The crimes rates distribution maps indicate that there are four spatial cluster with high value of crime rates, which are the western part, central part, Eastern part of New York State and New York City.

Taking Gini index, under high school education attainment rate, and unemployment rate as independent variables, the generalized additive model of this project good confidence to fit the violent crimes, with adjusted R squared 0.5077 and relatively low p-value for the independent variables. However, this regression model does not fit with all crimes, firearm crime, as well as property crimes.

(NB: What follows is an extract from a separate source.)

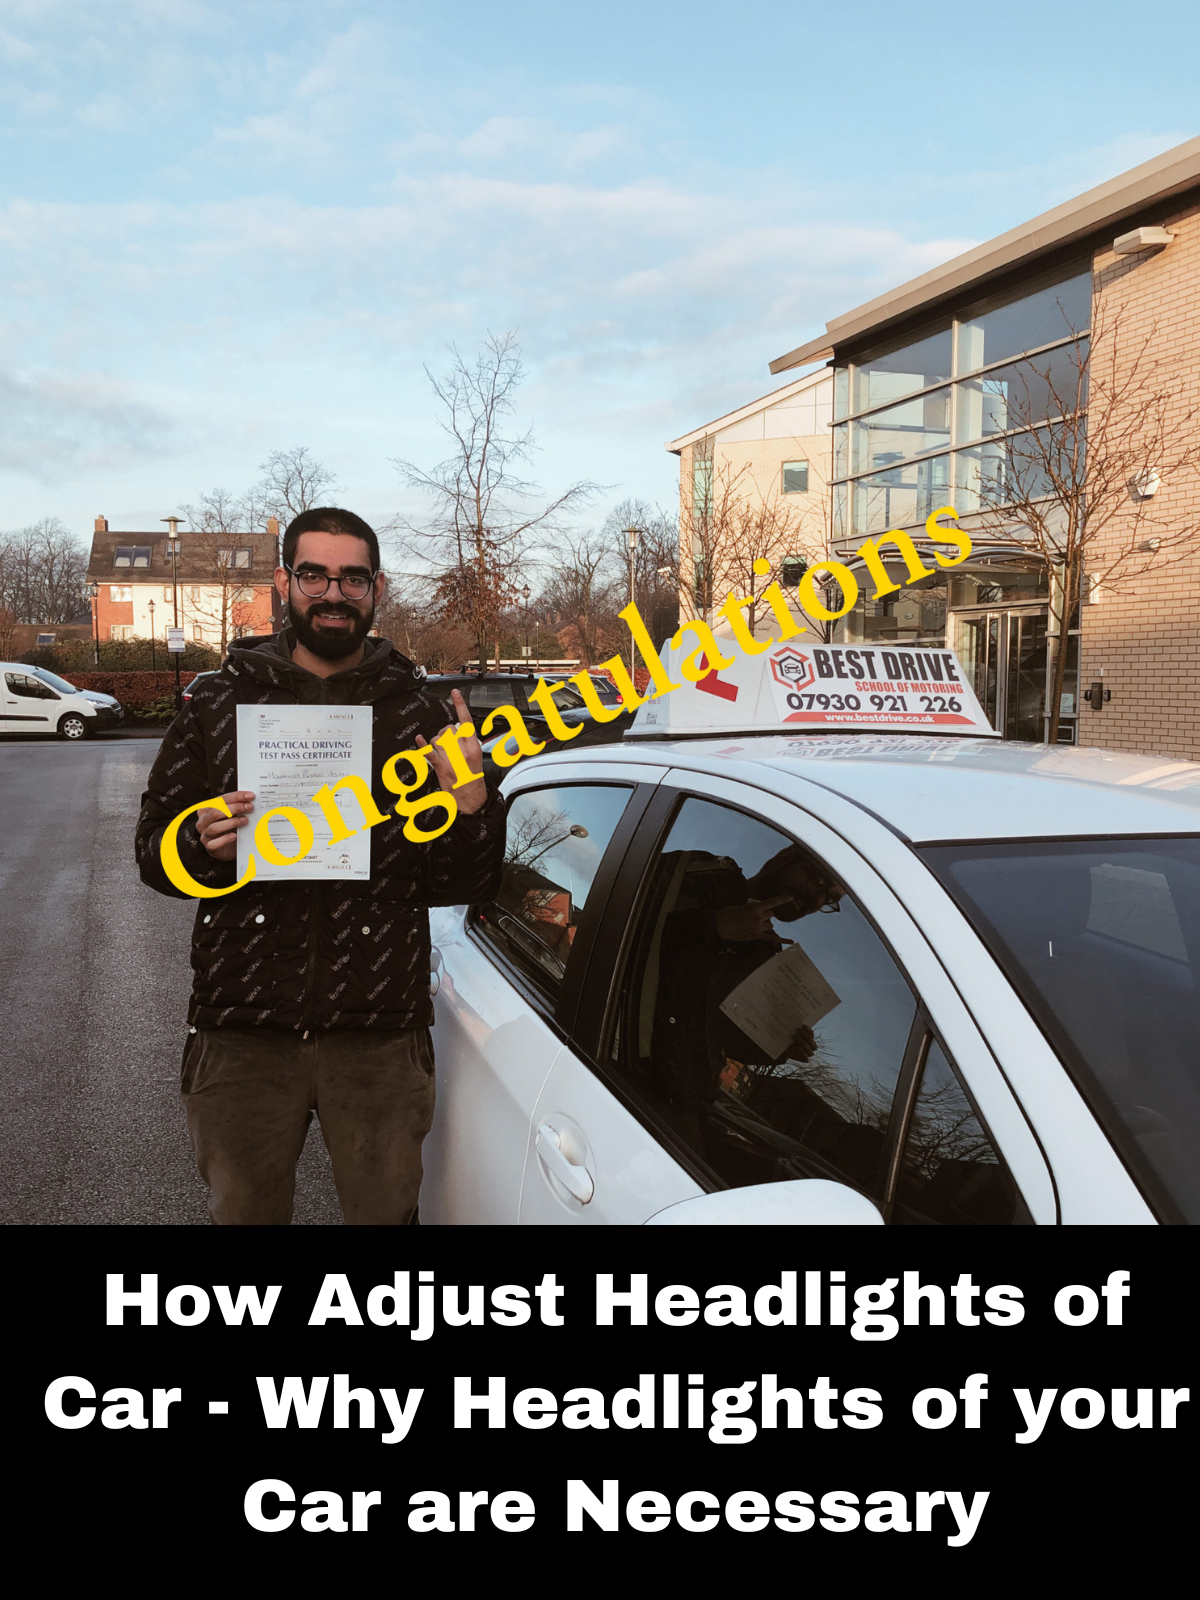 How Adjust Headlights of Car - Why Headlights of your Car are Necessary

According to the generalized additive model, both income inequality (Gini Index) and poor education attainment (under high school rate) have significant positive contribution to the violent crime, while unemployment rate has slight positive contribution to crime rates.

While the generalized additive model does possess the power to explain the violent crime, it has poor ability to estimate other type of crimes. Therefore, this regression model still need to be improve by taking other independent variable into the model.

References

[1]Hsieh, Ching-Chi, and Meredith D. Pugh. “Poverty, income inequality, and violent crime: a meta-analysis of recent aggregate data studies.” Criminal Justice Review 18.2 (1993): 182-202.

[2]Rogerson, Peter. Statistical methods for geography. Sage, 2001.

[3]Morenoff, Jeffrey D., and Robert J. Sampson. “Violent crime and the spatial dynamics of neighborhood transition: Chicago, 1970-1990.” Social forces (1997): 31-64.

[4]Gini, C. W. “Variability and mutability, contribution to the study of statistical distribution and relaitons.” Studi Economico-Giuricici della R (1912).